# Stream Customers Data From Cloud Files to Delta Lake Using Autoloader
1. Read files from cloud storage using DataStreamReader API
2. Transform the dataframe to add the following columns
    - file path: Cloud file path
    - ingest data: Current Timestamp
3. Write the transformed data stream to Delta Lake Table

## Spark Structured Streaming has some limitations when processing large amount of data. 
  - Inefficient File Listing (It repeatedly scans entire directory to find new files. It can be slow and expensive when dealing with millions of files).
  - Scalability Issues (Duplicate file detection is acheived by storing the list of files already processed in a in-momory map on the driver.

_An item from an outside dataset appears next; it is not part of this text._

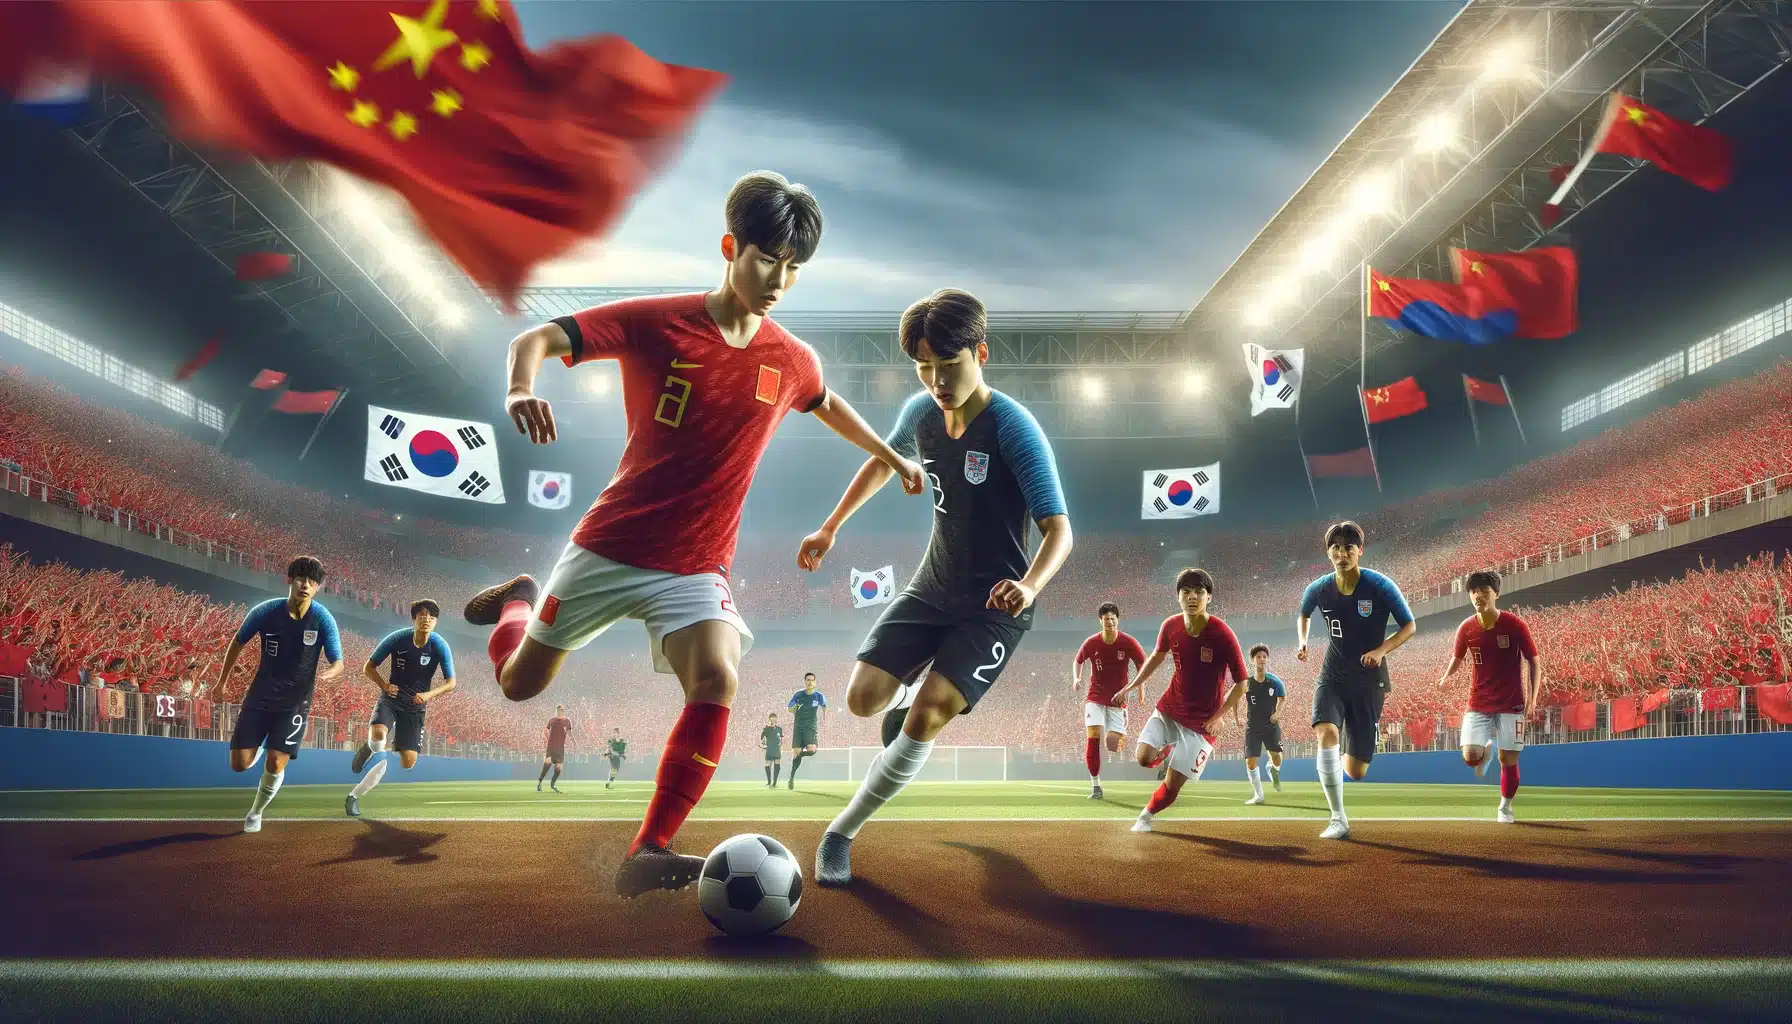 U23 China vs U23 Korea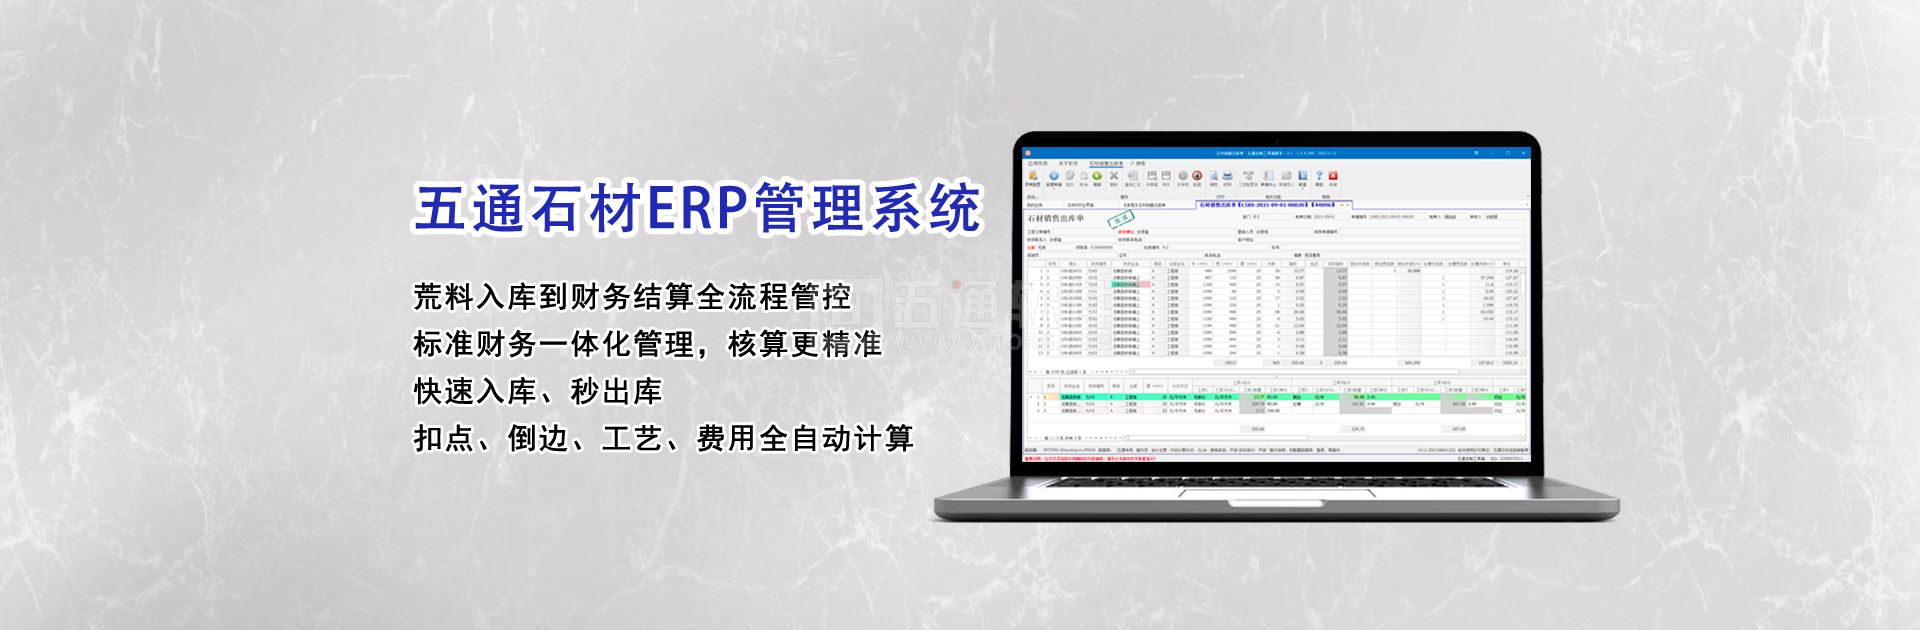 五通石材ERP管理系統集團版

It does not scale well).
  - Schema Evolution Problems (Users must manually define the schema before the steaming starts. if any new column starts coming later, it may cause data loss or require manual intervension)

## Auto Loader
  - Efficient File Detection using Cloud Services (Efficiently uses AWS Event Notifications to track new files)
  - Scalability Improvements (It replaces in-memory tracking with cloud storage)
  - Schema Evolution & Resiliency (Supports automatic schema inference from sample files.Also supports automatic shema evolution by automatically adding new columns or rescueing unexpected data in a separate rescue data column)

## 1. Read files from cloud storage using DataStreamReader API

In [0]:
customers_df = (
    spark.readStream
    .format("cloudFiles")
    .option("cloudFiles.format", "json")
    .option("cloudFiles.schemaLocation", "/Volumes/gizmobox/landing/operational_data/Customers_autoloader/_schema")
    .option("cloudFiles.inferColumnTypes", "true")
    .option("cloudFiles.schemaHints", "date_of_birth Date, member_since Date, created_timestamp TIMESTAMP")
    .load("/Volumes/gizmobox/landing/operational_data/Customers_autoloader/")
)

## 2. Transform the dataframe to add the following columns

In [0]:
from pyspark.sql.functions import current_timestamp, col
customer_transformed_df = (
    customers_df
    .withColumn("file_path", col("_metadata.file_path"))
    .withColumn("ingestion_date", current_timestamp())
)

## 3. Write the transformed data stream to Delta Lake Table

In [0]:
## uncomment only when you want to start streaming. please make sure to terminate it after use.
# streaming_query = (
#         customer_transformed_df.writeStream
#             .format("delta")
#             .option("checkpointLocation", "/Volumes/gizmobox/landing/operational_data/Customers_autoloader/_checkpoint_stream")
#             .toTable("gizmobox.bronze.customers_autoloader")
# )

In [0]:
%sql
select * from gizmobox.bronze.customers_autoloader;

In [0]:
streaming_query.stop()